The assessment and evaluation experience was also significantly different. A typical course outline might include the following in the determination of a student's mark:

Tests ____%
Quizzes ____%
Homework _____%
Participation ______%
Attendance ______%
Final Exam _____%

I taught in a Catholic school when I first got into teaching and can recall including a student's adherence to the uniform policy being included in some final evaluations.

How did things change when the new curriculum was introduced and the 5th year of high school was phased out?

The curriculum changed! What was taught in Gr. 9  through 12 changed to reflect the reduction from 5 to 4 years. The names of the courses were intended to now reflect the pathways that students were intending to pursue once they left high school (Academic -- University, Applied -- College, Locally Developed -- Workplace). The OAC courses that university bound students had taken in the past were replaced with Grade 12 University level courses that reflected a similar content to those in the OAC courses.
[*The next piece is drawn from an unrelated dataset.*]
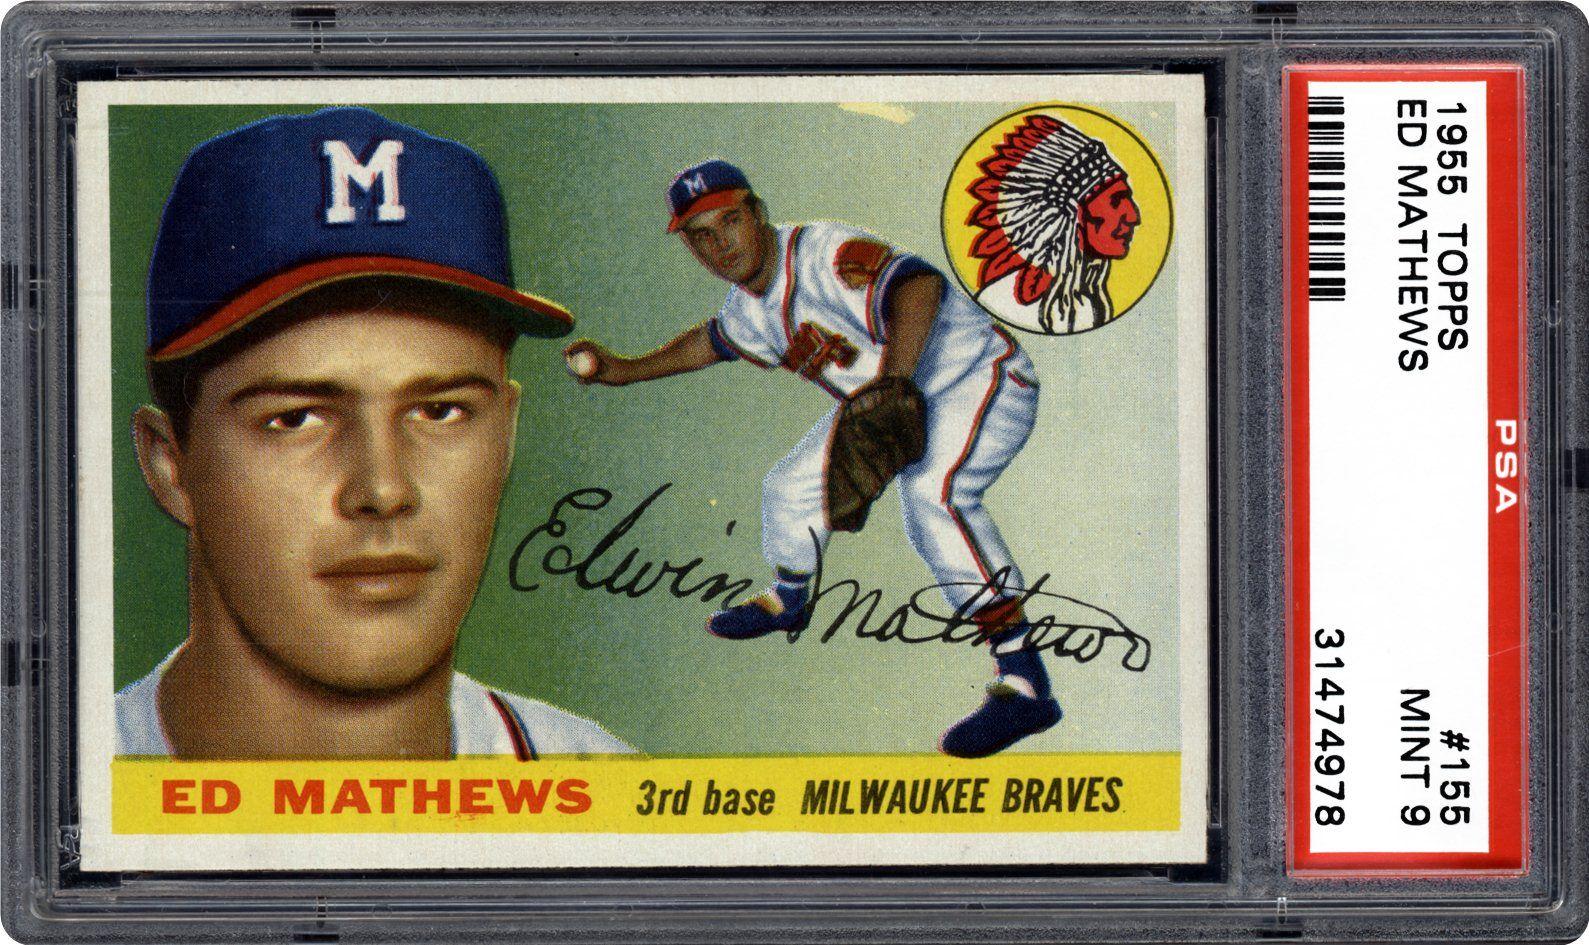 1955 Topps Ed Mathews Psa Cardfacts

But the changes went a lot deeper than just labels. The spirit of the curriculum emphasized exploration and investigation over the rote memorization of skills. A value was placed on reasoning and justification that was not as evident in the past. But math was still math. Students still needed to solve equations, factor, derive and all of the things they were asked to in the past.

One of the most significant changes occurred in the assessment and evaluation practices that were outlined in the curriculum and supporting documents. Most of the items that had been included in the past such as participation or homework were no longer to be included in a student's final mark. They were now commented on as learning skills that were the same from Grade 1 to 12 (responsibility, organization, independent work, collaboration, initiative and self-regulation). Student marks we now to be determined by their performance in four achievement categories: Knowledge & Understanding, Thinking, Communication and Application (p28-29 of the Grade 11-12 curriculum documents).

What is fascinating in looking back at the changes is how the community of math educators reacted to these changes especially around assessment and evaluation. Speaking from my own experience at the time, what most of us did in the classroom was take our old tests and started placing Ks, As, Cs and Ts next to questions as we started the exercise of categorizing the questions we were asking. Easy peasy. New curriculum and new assessment and evaluation practices - no problem. If you were dropped into a math classroom in 1995 and then in 2005 I would challenge you to try to tell the difference. In fact, I would challenge you to tell the difference in 2015 for some math classrooms.

You can probably guess at what types of questions were labeled with each category label. And so we boldly stepped into a new day of curriculum with the assessments we had always used in the past. What were the consequences of this approach? It didn't take long for the alarm bells to go off. We could now see the areas where students struggled. It was like lifting up the rug after sweeping a lot of dirt under it for years or not realizing there was dirt there all along. Which category gaped like a black hole showing us what we had neglected for so long? THINKING! Students struggled in solving what were designated as thinking questions. The questions they were asked were those that we usually didn't assign from the homework - those questions from section C in each textbook lesson.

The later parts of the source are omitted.